While federal sentencing guidelines recommend zero to six months in prison, prosecutors are seeking a two-year sentence, according to Politico, and Wolfe could face up to five years behind bars when he appears before Jackson next week.

“The fact that Wolfe, by virtue of his national security training and responsibilities, lied in a national security investigation, the significance of which he was particularly situated to appreciate, is further reason to send a strong message that such conduct will be severely punished,” prosecutors wrote.

Prosecutors Wolfe’s government position and access to classified information warrant the increased sentence, as opposed to shorter, days long sentences imposed on former Trump campaign officials who admitted to lying in special counsel Robert MuellerRobert (Bob) Swan MuellerHouse progressive: Pelosi 'has it right' on impeachment Democrats talk subpoena for Mueller Democratic Rep. Ro Khanna: 'I'm not there yet' on impeachment MORE's investigation.

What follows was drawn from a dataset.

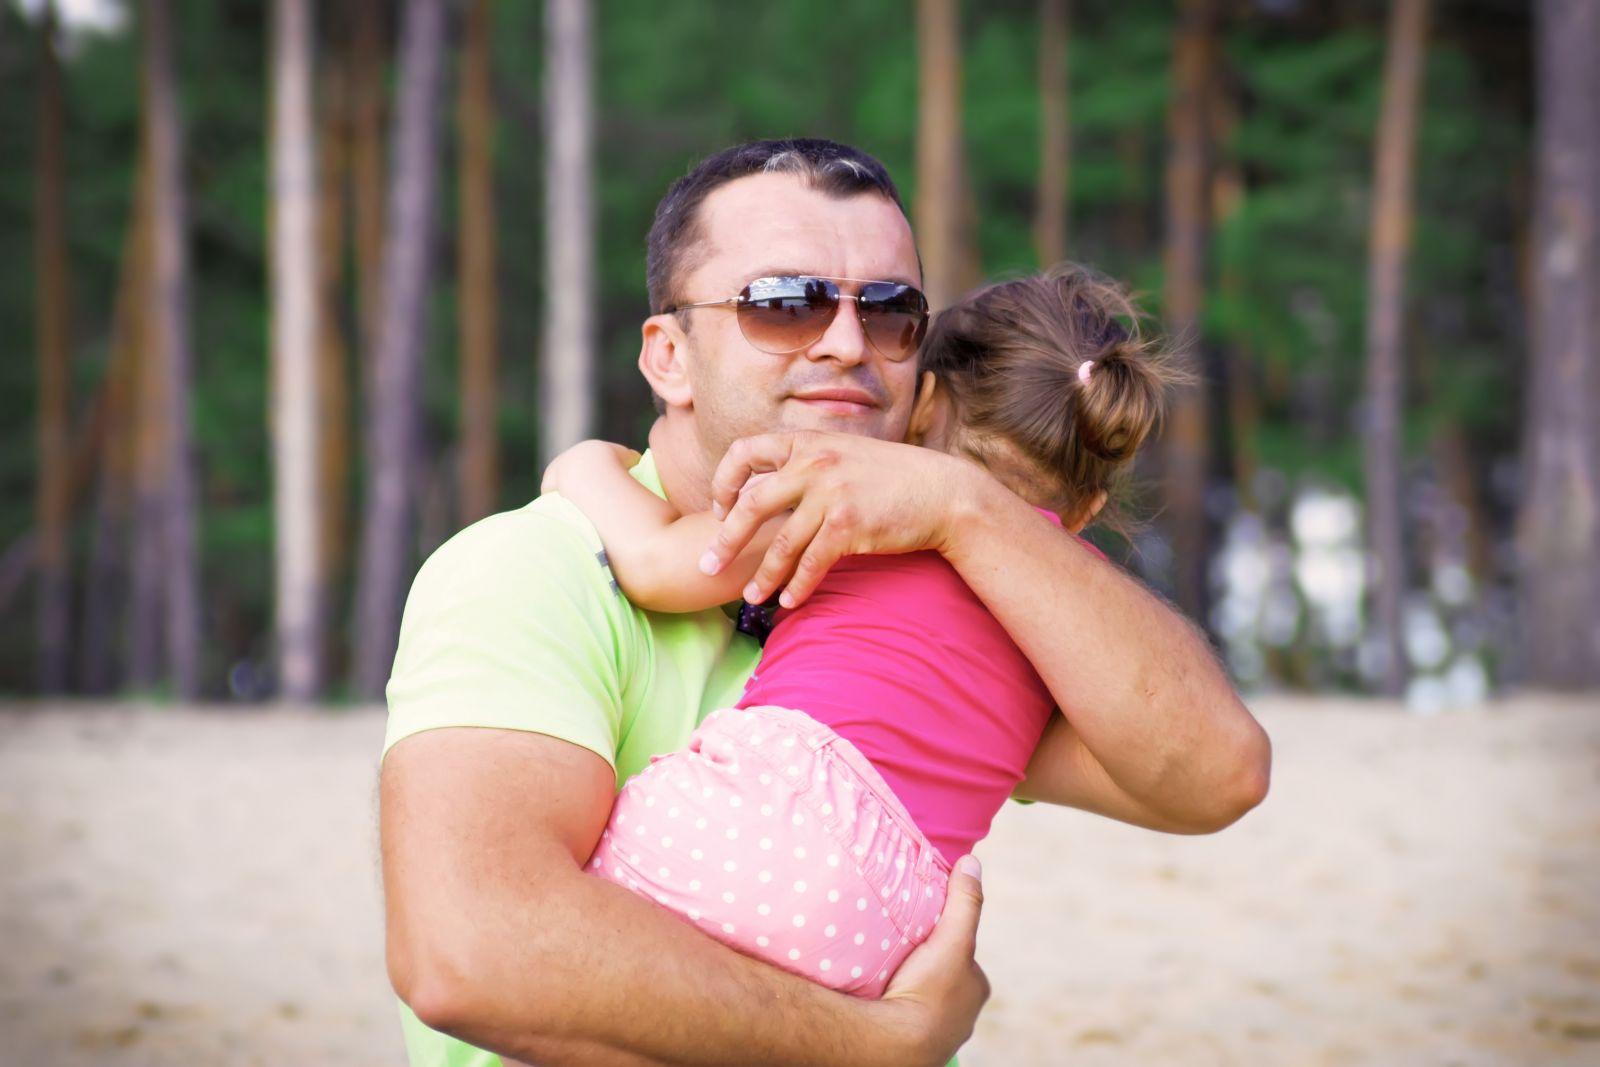 Смотреть как отец и дочка играют 4 фотография

Besides the three senators, former Director of National Intelligence James ClapperJames Robert ClapperComey: 'The FBI doesn't spy, the FBI investigates' How I learned to love the witch hunt 10 factors making Russia election interference the most enduring scandal of the Obama era MORE and former White House Chief of Staff Denis McDonoughDenis Richard McDonoughPaul Ryan joins University of Notre Dame faculty Senate Intel leaders ask judge not to jail former aide amid leak investigation Live coverage: Justice IG testifies before House on report criticizing FBI MORE also sent letters to prosecutors in support of Wolfe, according to Politico.